Я оттолкнулся от острого скользкого камня и поплыл — плавать меня выучил отец в прошлогодние каникулы на нашей реке Ветлуге. Всю тревогу мою, навеянную гнетущим безмолвием войск, как рукой сняло. Плыть было легко, волны, обдавая лицо крупными солеными брызгами, упруго раскачивали меня вверх и вниз.
«Да, вот она жизнь, — думал я. — И может быть, оттого она так и хороша, что никогда не бывает спокойна».
— Алеша, обратно! — крикнула с берега мама.
— Плыву! — радостно прокричал я в ответ.
Почти весь этот день мы провели у моря. Я вылезал из воды, гулял с мамой по берегу и опять, раздевшись, спускался по наклонным плитам вниз. К маме скоро тоже вернулось хорошее настроение. Мы много смеялись, пели и потом, проголодавшись, пообедали тут же, в прибрежном ресторане.
Вечером мы снова отправились в парк Шевченко. По случаю ясной погоды и предстоящего выходного дня парк был переполнен.

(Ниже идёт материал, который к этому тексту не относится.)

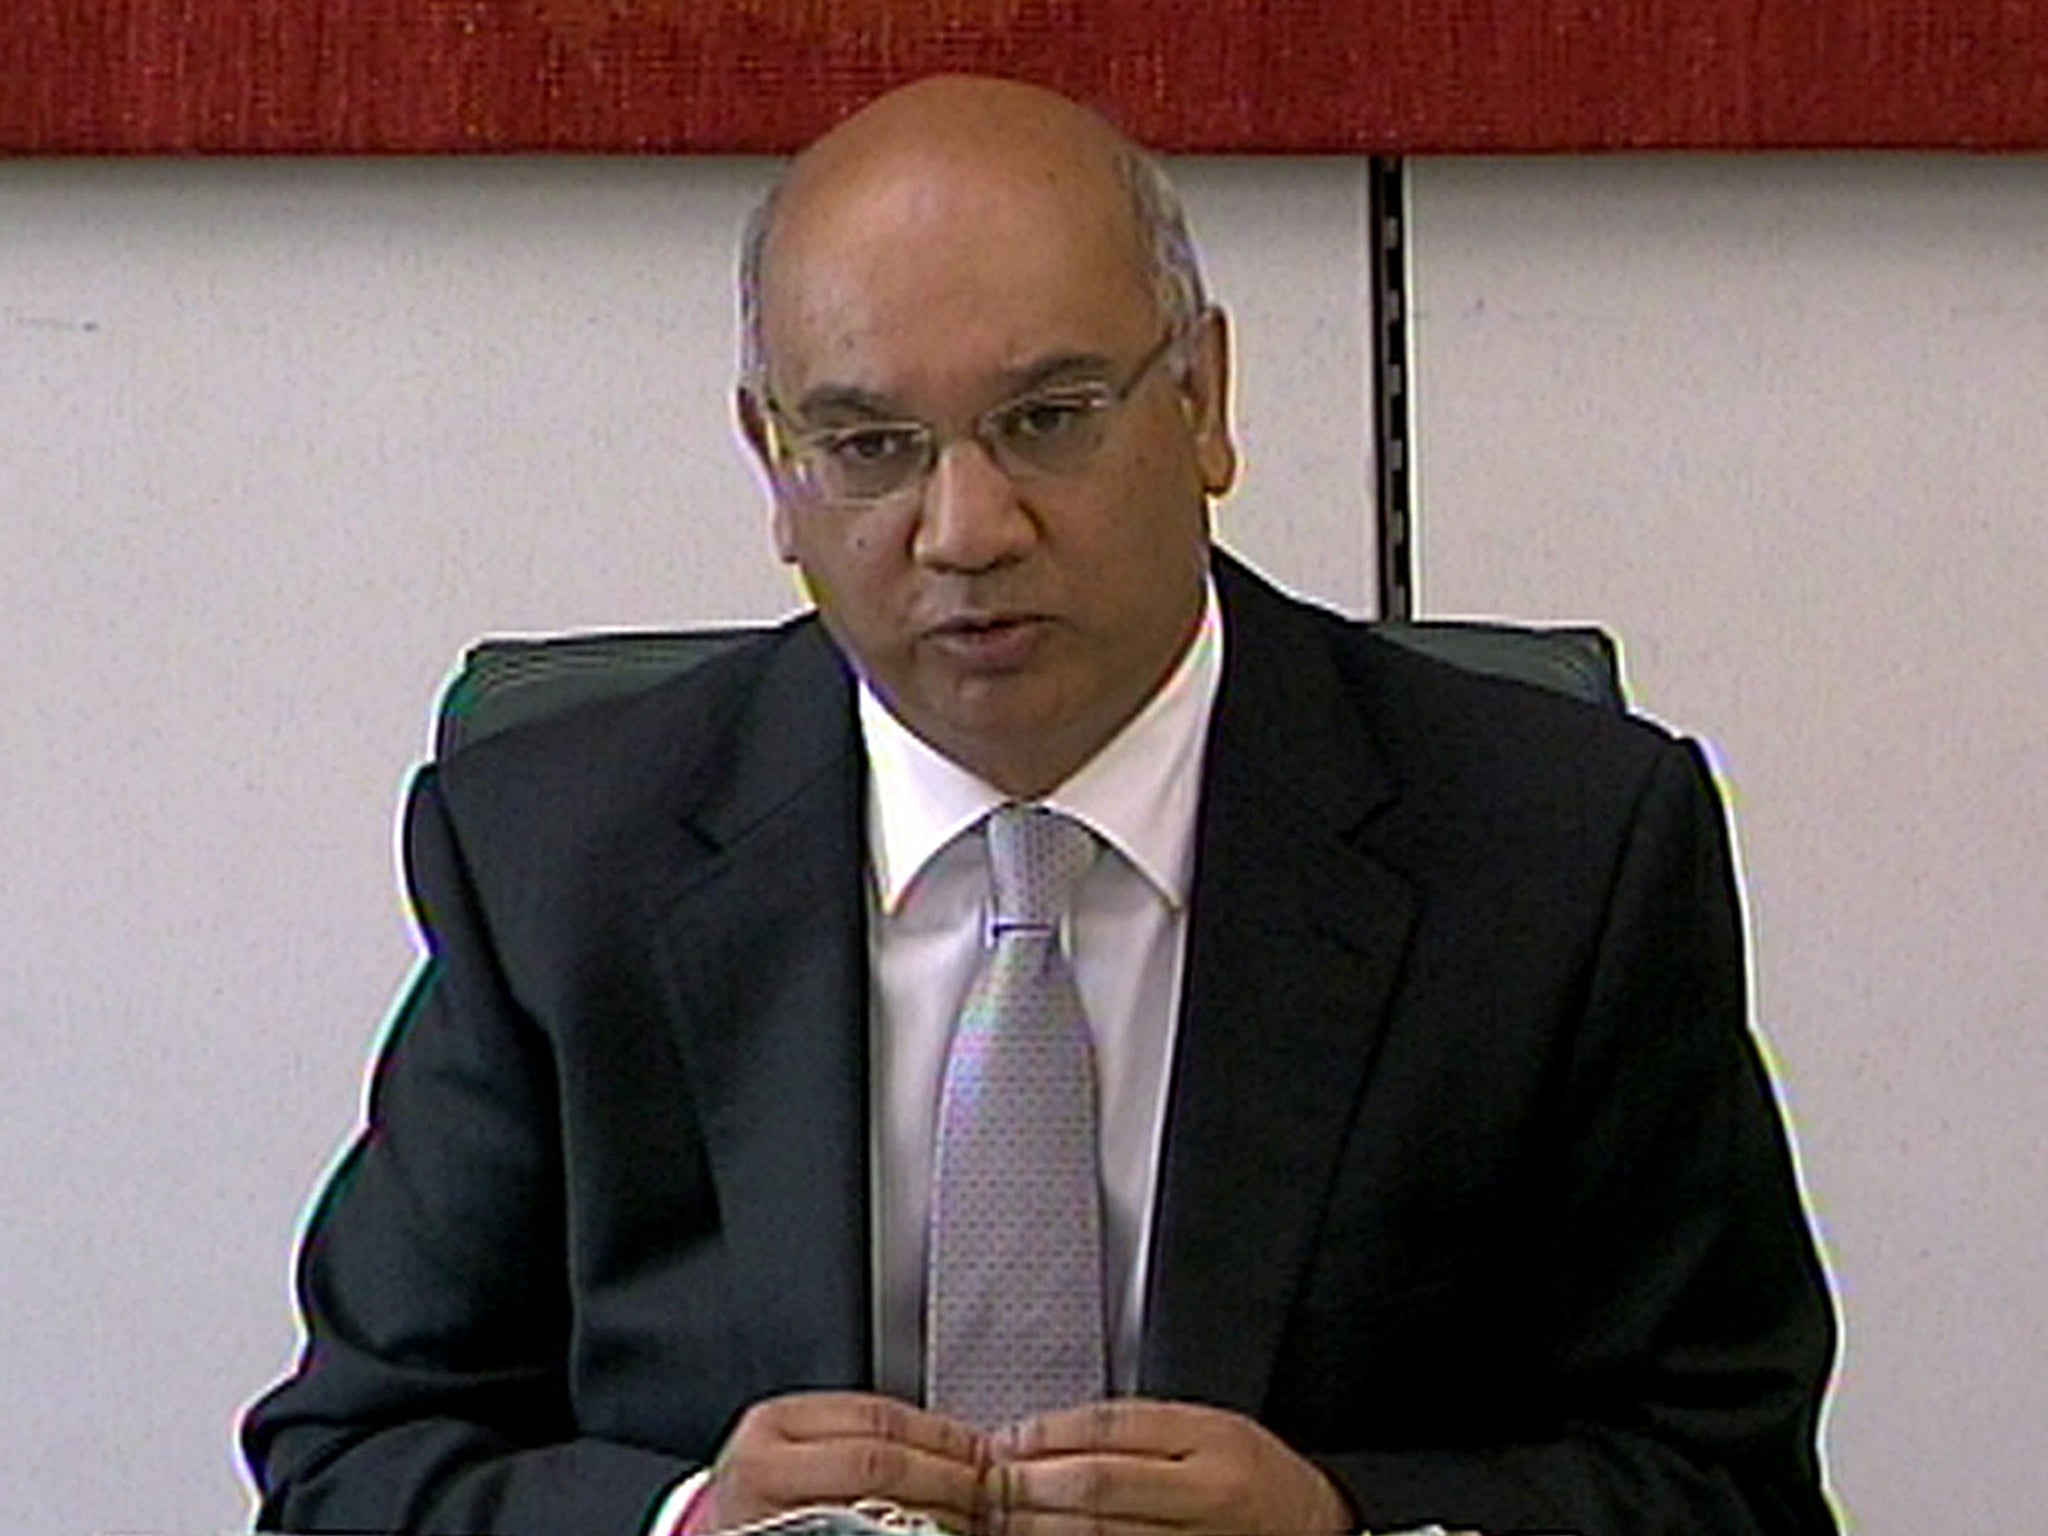 Keith Vaz, 59, quit as chairman of the Home Affairs committee in September

По аллеям прохаживались толпы смеющихся парней и девушек, всюду раздавался милый моему сердцу певучий говорок, пересыпаемый украинскими словечками, сквозь темную зелень сверкали электрические огни, и, то нарастая, то стихая в отдалении, весь вечер плыли над купами деревьев веселые или порой торжественные звуки оркестров.
Наговорившись и намечтавшись о будущем, мы с мамой поздно вернулись домой. А утром, еще не встав с постели, я услышал хриплый голос хозяина квартиры.
— Война, — хлопнув дверью, сказал он. — Напали немцы, бомбили… Что будет теперь?
Я вскочил. Схватил одежду и стал торопливо одеваться. В углу на своей кровати беззвучно плакала мать.
В понедельник в клинике профессора Филатова нам объявили, что с фронта прибыла первая партия раненых и что отныне всякий прием гражданских лиц в клинику прекращен.